The opening scene between Martin and wife Stevie (Laura Turnbull) is a marvelously clever setup with a humorous and subtle tipoff about the homewrecking to come. They're the outwardly perfect couple who have everything in life, including a well-adjusted, homosexual 17-year-old son.

It's best friend Ross (Stephen S. Neal) who senses something truly amiss and prods Martin to talk about his problem. Martin confesses, haltingly, that he's cheating on his wife with a goat named Sylvia. In fact, he's fallen in love with the critter. Ross, aghast, spills the secret.

Albee, of course, has taken the standard midlife crisis theme and pushed it beyond the pale. Both husband and wife realize this and voice it at various times during the play. This is a wrong that cannot be righted, a blight on their relationship leaving her bitter and estranged, him in total isolation. The laughter that speckles the early scenes becomes more and more nervous as the tragedy grinds toward a gory inevitability.

Turnbull, nominated for three Carbonell acting awards for her work last season, gives a fourth award-caliber performance as the wife shaken to the core.
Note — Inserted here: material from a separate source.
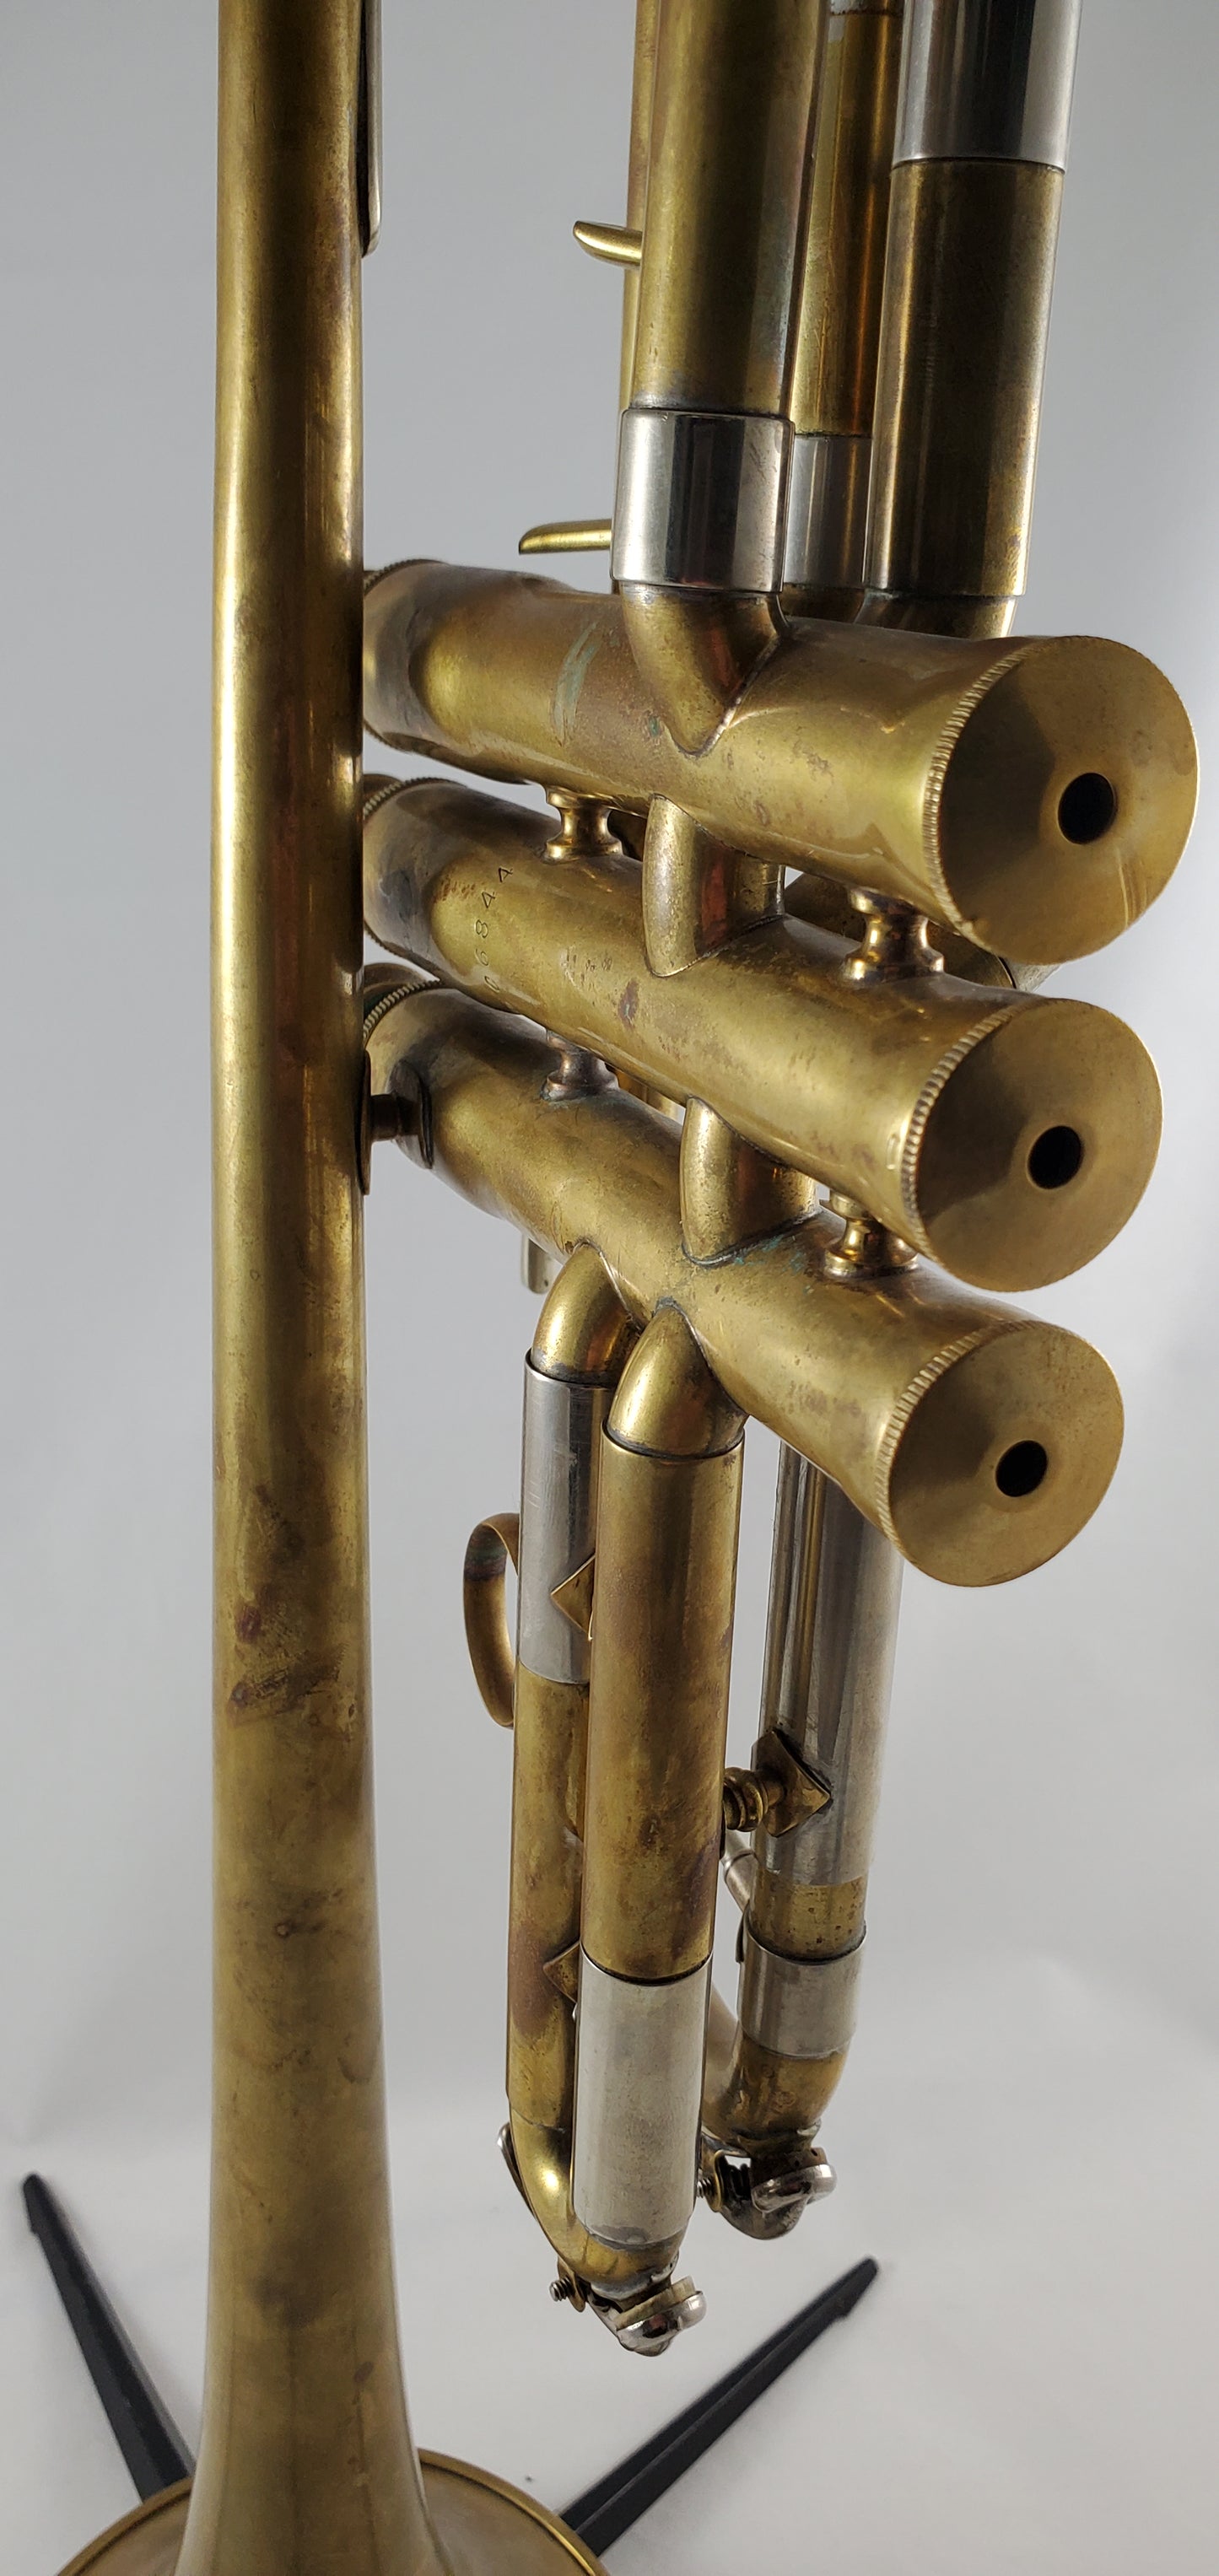 Used Buescher C Trumpet SN 506844

Anger, disgust, hurt and incomprehension swirl in a striking performance that never becomes shrill.

Neal also is appealing in the give-and-take with Rogerson both during the initial revelation and in a later confrontation involving Martin's son, Billy (Ryan Capiro) -- no relation to the goat except as a pun.

Rich Simone's keystone design of the couple's apartment is an elegant reflection of the architect's stature and class, complemented by Daniela Schwimmer's costuming, Jeff Quinn's lighting and Michael J. Hoffman's sound design. When all is over, the swank surroundings are stark contrast to the wrecked lives within them.